É possível, com o filme Frequencies, fazermos algumas relações com o pensamento de Émile Durkheim e sua teoria dos fatos sociais. O que são os fatos sociais? Para Durkheim, a Sociologia – uma ciência nova - deveria ter um objeto específico de estudo, um objeto que não fosse estudado por nenhuma outra área do conhecimento. A sua intenção era compreender como as relações entre os seres humanos acontecia, ou melhor, para explicar a vida em sociedade. Neste ínterim, desenvolveu os fatos sociais para tal. Podemos defini-los da seguinte forma:

Toda maneira de agir, fixa ou não, suscetível de exercer sobre o indivíduo uma coerção exterior; ou ainda, que é geral na extensão de uma sociedade dada, apresentando uma existência própria, independente das manifestações individuais que possa ter. (DURKHEIM apud QUINTANEIRO, 2009, p. 68)

Uma outra possível definição é: “as maneiras de agir, de pensar e de sentir exteriores ao indivíduo, dotadas de um poder de coerção em virtude do qual se lhe impõe.” (DURKHEIM apud QUINTANEIRO, 2009, p. 68) Em ambas as definições, podemos encontrar três características principais dos fatos sociais: geral, exterior e coercitivo.
Como exemplo de geral, podemos lembrar da cena que se passa na escola, na qual os alunos realizam uma avaliação da sua frequência; ao fim desta, cada aluno recebe o seu resultado que definirá a sua posição social e existencial. Ao que parece, todos os seres humanos dessa sociedade foram submetidos a este teste, o que demonstra a extensão desse fato social. Um detalhe importante: o teste é realizado na escola que, para Durkheim, tem um papel fundamental na socialização do indivíduo.
Já a característica exterior pode ser percebida na personagem de Theodore que, durante todo o filme, busca por um código que governa todas as coisas do universo; sendo assim, nada ocorre por uma vontade individual, mas sim de acordo com este princípio geral. O próprio Theodore diz: “Mas não estou interessado em destinos individuais. O que estou interessado é na sinfonia... universal”.
Por último, o sentido coercitivo acompanha toda a obra cinematográfica, notado quando as personagens Marie e Zak tentam se aproximar e permanecem mais de um minuto juntos: malas caem, o tempo muda, ele desmaia, uma sala pega fogo, ou seja, fenômenos estranhos ocorrem. Essa “força repelente” só acontece quando seres humanos de frequências muito díspares insistem ficar no mesmo espaço/tempo.
É possível também interpretarmos algumas cenas de Frequencies à luz da teoria de Pierre Bourdieu. Principalmente o conceito de habitus poderá nos ajudar nesta relação. Segundo Bourdieu todos os indivíduos – que ele chamará de agentes – incorporam possuem um habitus adquirido socialmente. Mas, o que é o habitus? São “maneiras de ser permanentes, duráveis que podem, em particular, levá-los a resistir, a opor-se às forças do campo” (BOURDIEU, 2004; p. 28), em poucas palavras, é uma grade de leitura pela qual o agente vê o mundo. Ou seja, é a maneira como ele vê, sente, vivencia a realidade, o mundo, a vida social.
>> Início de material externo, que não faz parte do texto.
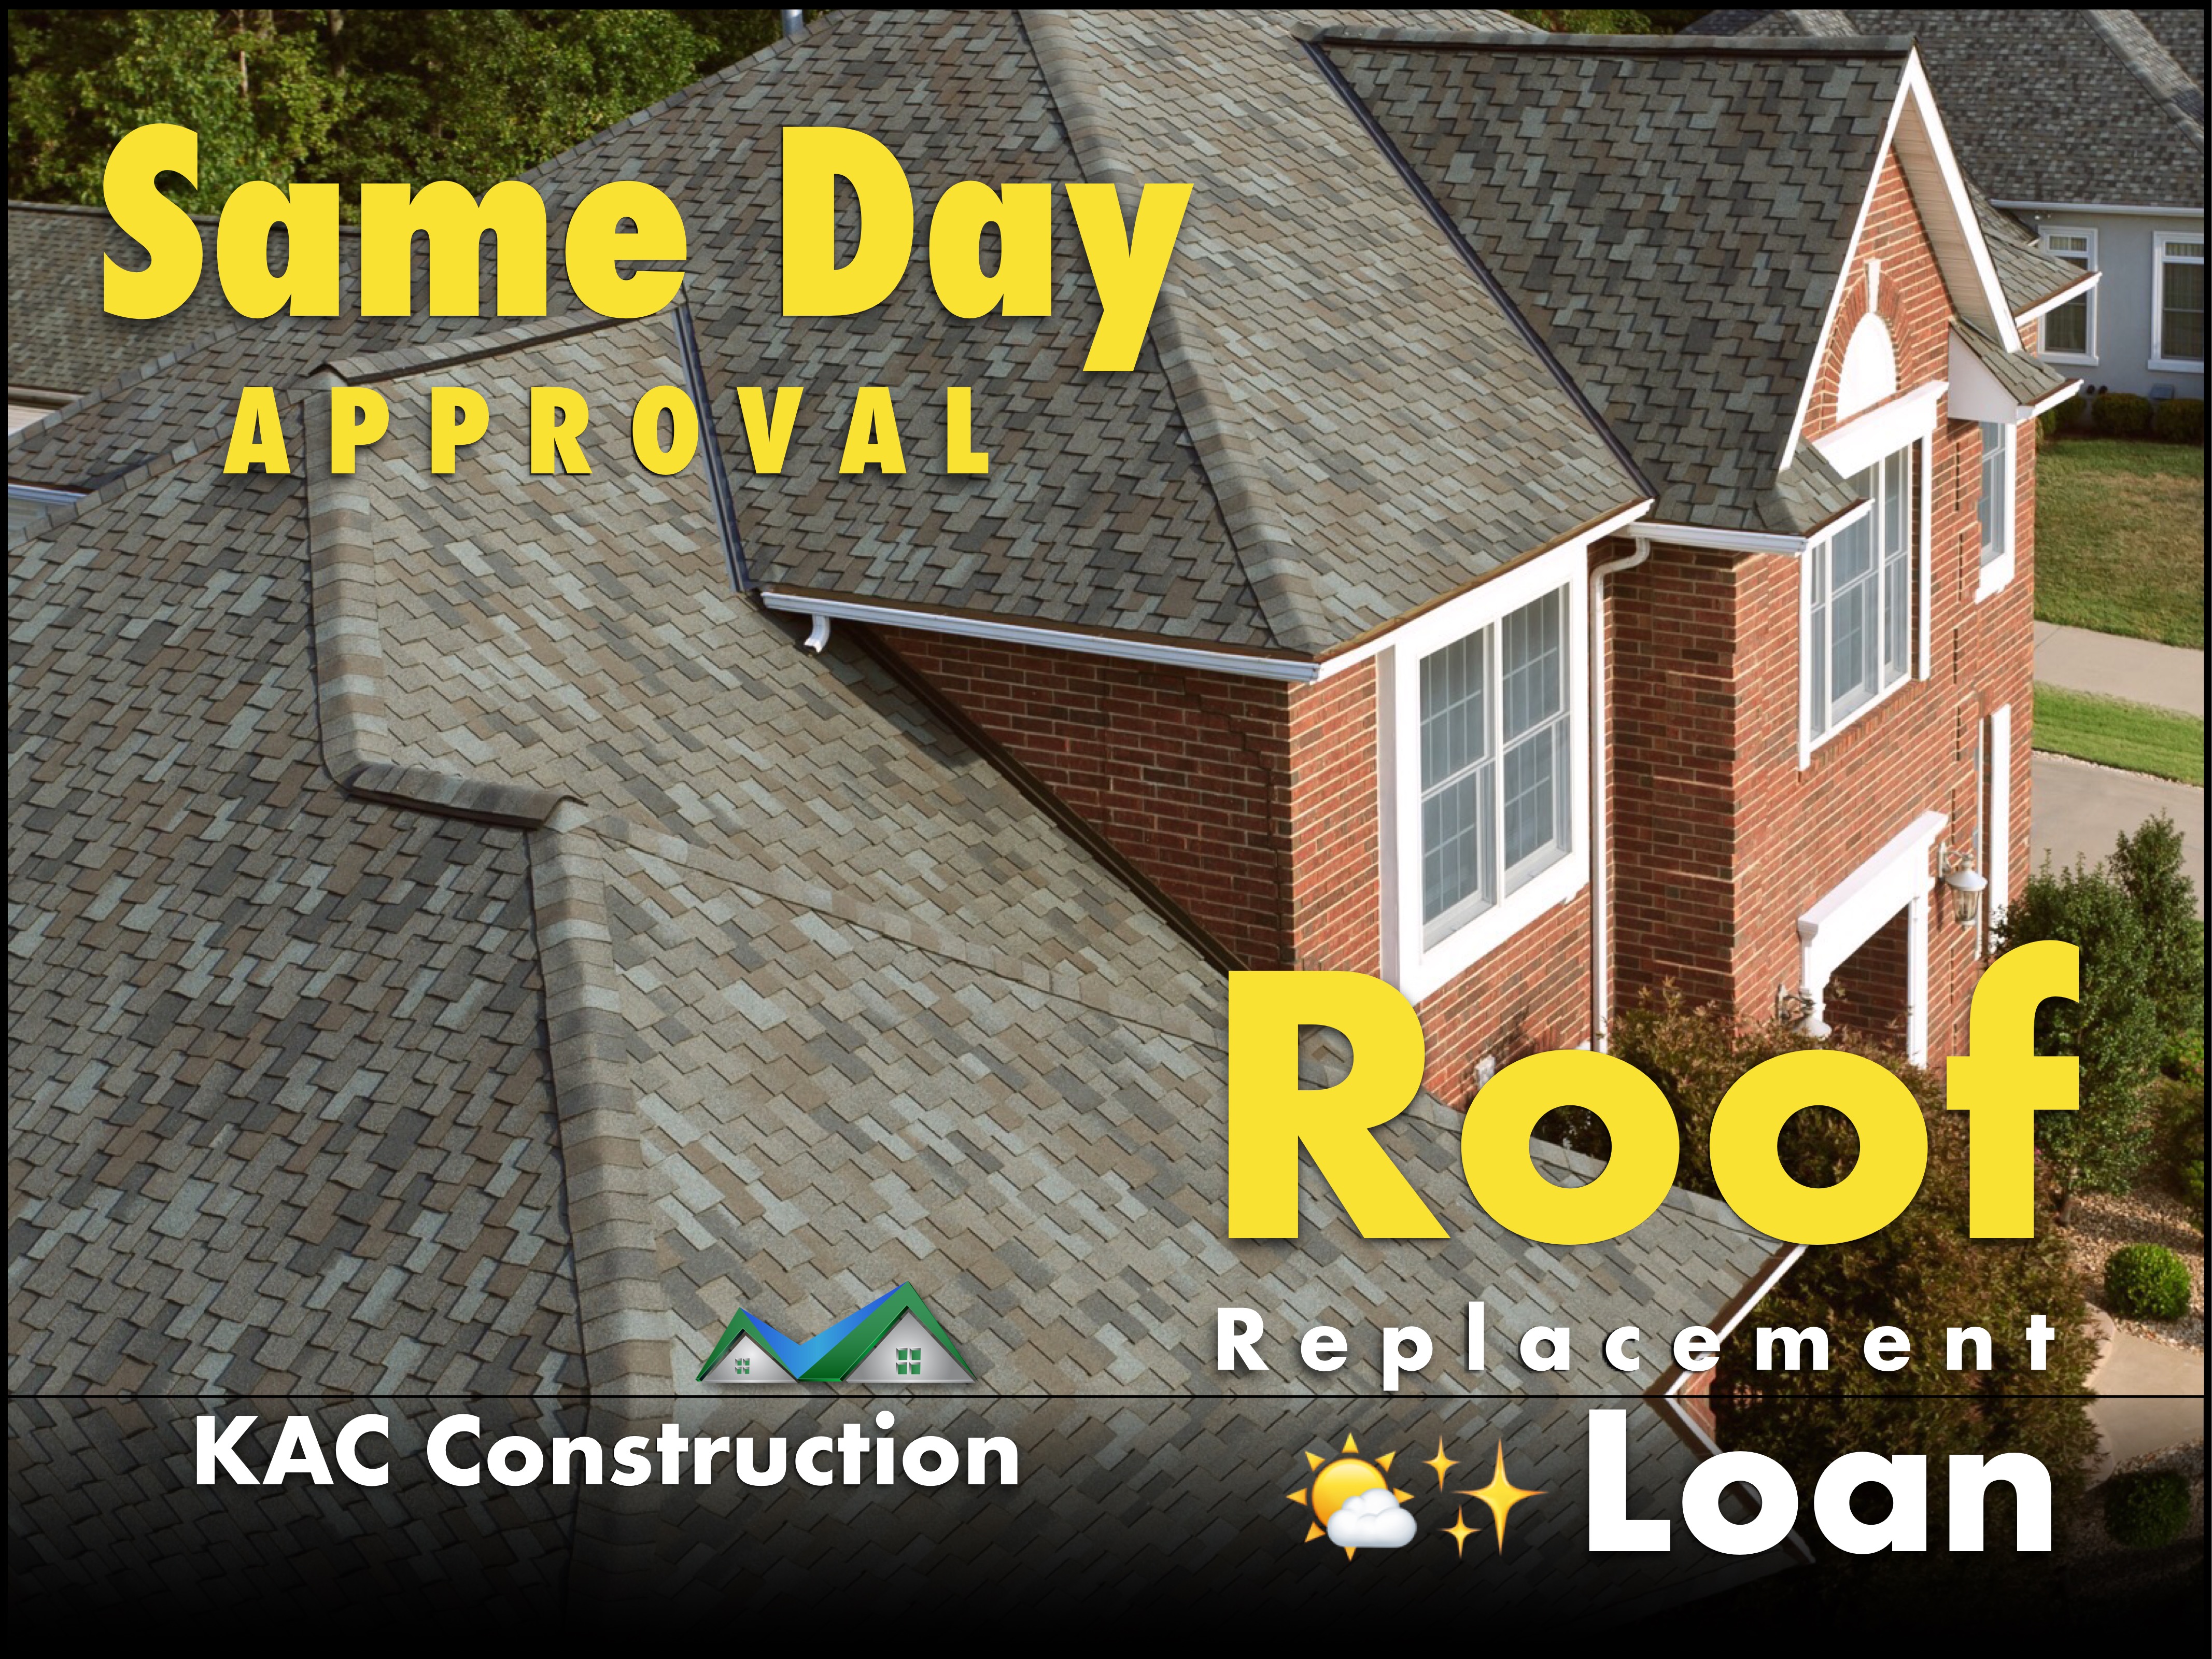 Same day, same day loan, same day loan ri, Loan ri, roof Loan ri, roofing Loan ri, roofer Loan ri, roofers loans ri, same day roof financing, same day roof financing ri, same day roof ri

Além de ser um modo de perceber esta realidade, o habitus pode determinar os gostos, os desejos, as vontades, o modo de falar, de se vestir, e assim por diante. Enfim, o habitus é um conjunto de determinantes que orientam a nossa vida social.
No filme, por exemplo, além da frequência determinar quem terá mais sorte do que o outro, ela também determina a maneira que cada um se comporta frente aos outros; é só lembrarmos da feira de ciência, a cena na qual a câmera acompanha Zak e ele observa todos os outros em sua volta. Aqueles que possuem frequência parecidas, possuem comportamentos parecidos, gostos semelhantes; além disso, é muito mais provável um amor entre agentes de frequências próximas do que o amor impossível entre frequências distâncias. E aí que está a graça: o filme retrata exatamente este último exemplo!
Saindo da Sociologia e nos aproximando da Filosofia, temos Sartre e Nietzsche com importante contribuições para a interpretação do filme. Sartre, um dos principais representantes do existencialismo ateu, afirmava a existência de um sentimento chamado náusea. Caracterizado pelo vazio que surge quando percebemos que estamos sós em nossa própria existência, a náusea é um sentimento importante para Sartre: é a tomada de consciência de que a existência precede a essência[1]. Temos uma explicação clara de Sartre acerca deste sentimento:

Primeiramente, o que entendemos por angústia? O existencialista costuma declarar que o homem é angústia: isso significa o seguinte: o homem que se engaja e que se dá conta de que ele não é apenas o que escolher ser, mas é também um legislador que escolhe ao mesmo tempo o que será a humanidade inteira, não poderia furtar-se do sentimento de sua total e profunda responsabilidade. (SARTRE, 2014, p. 21) [grifo do autor]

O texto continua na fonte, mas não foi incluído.